The negro boy approached with a bucket of cold crystal water, and he drank a big gourd full of it gratefully.
"You can go and kindle the fire in the kitchen," she said to the negro. "It is nearly time to be getting supper. I will be in by and by."
"You have been with her so much!" she continued to Gray after another interval of embarrassment. "And you know, or you ought to know, her disposition, her tastes, her ways and views of life. Is she the companion you need now? will always need?"
"I have been much with her," he replied, taking up her words with humorous gravity. "But I have never studied her as I have studied law. I have never cross-examined her for a witness, or prosecuted her as an attorney, or pronounced sentence on her is a judge. I am her advocate—and I am ready to defend her now—even to you!" "John!—""I love her—that is all there is of it!"
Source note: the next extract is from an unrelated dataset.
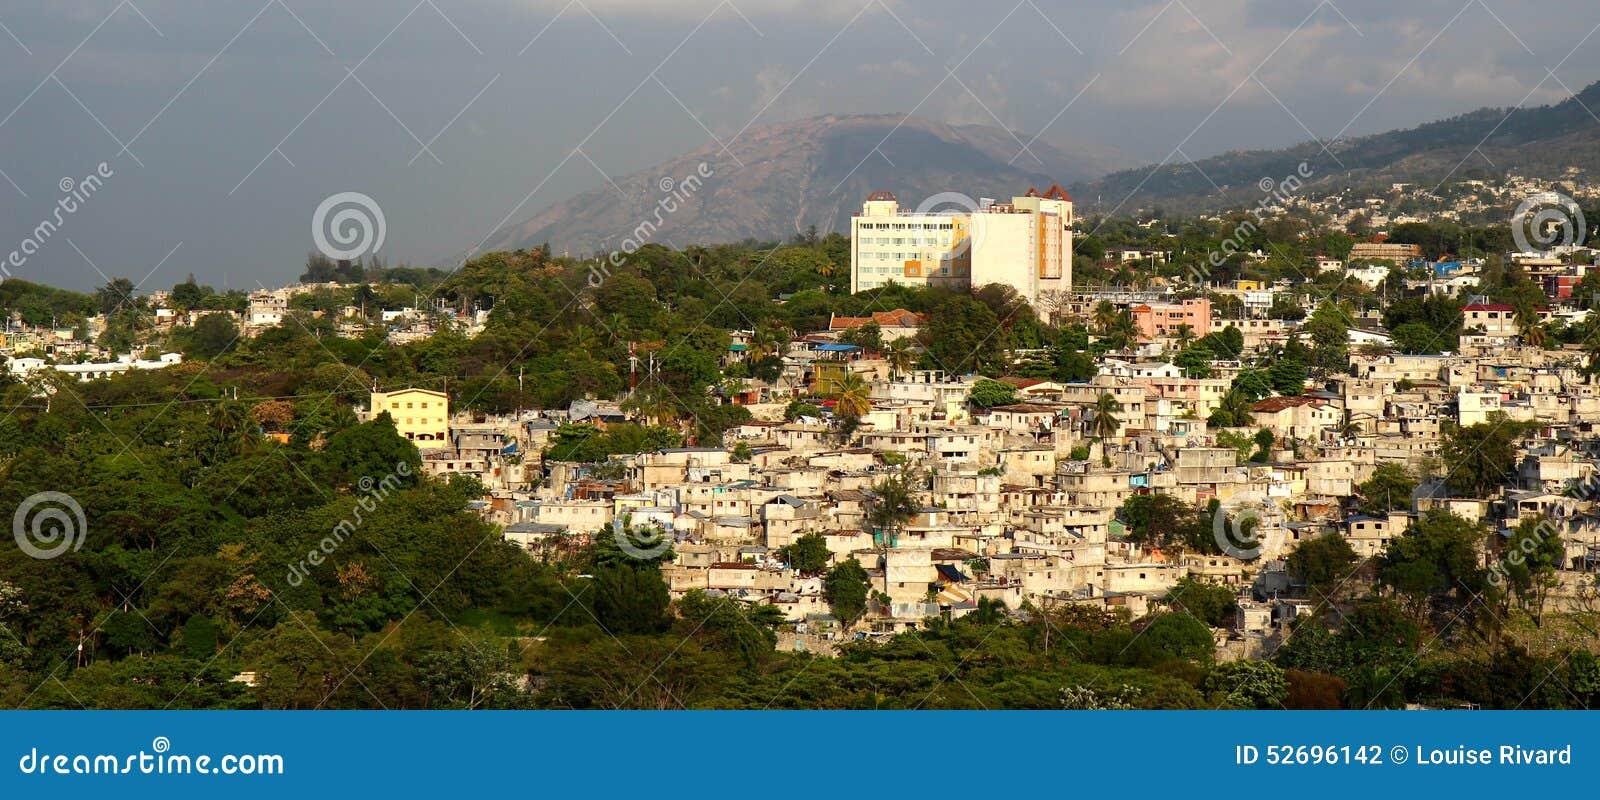 Port-au-Prince domy

"Suppose you wait a little longer."
"I have waited too long already from necessity." It was on his lips to add: "I have gone too far with her; it is too late to retreat;" but he checked himself.
"If I should feel, then, that I must withhold my consent?"
He grew serious, and after the silence of a few moments, he said with great respect:"I should be sorry; but—" and then he forbore.
"If Major Falconer should withhold his?" He shook his head, and set his lips, turning his face away through courtesy. "It would make no difference! Nothing would make any difference!" and then another silence followed. "I suppose all this would be considered the proof that you loved her," she began at length, despairingly, "but even love is not enough to begin with; much less is it enough to live by."
"You don't appreciate her! You don't do her justice!" he cried rudely. "But perhaps no woman can ever understand why a man loves any other woman!" "I am not thinking of why you love my niece," she replied, with a curl of pride in her nostril and a flash of anger in her eyes. "I am thinking of why you will cease to love her, and why you will both be unhappy if you marry her. It is not my duty to analyze your affections; it is my duty to take care of her welfare.""My dear friend," he cried, his face aglow with impatient enthusiasm —"my dear friend" and he suddenly lifted her hand to his lips, "I have but one anxiety in the whole matter: will you cease to be my friend if I act in opposition to your wishes?" "Should I cease to be your friend because you had made a mistake? It is not to me you are unkind," she answered, quickly withdrawing her hand. Spots of the palest rose appeared on her cheeks, and she bent over and picked up the rake, and began to work.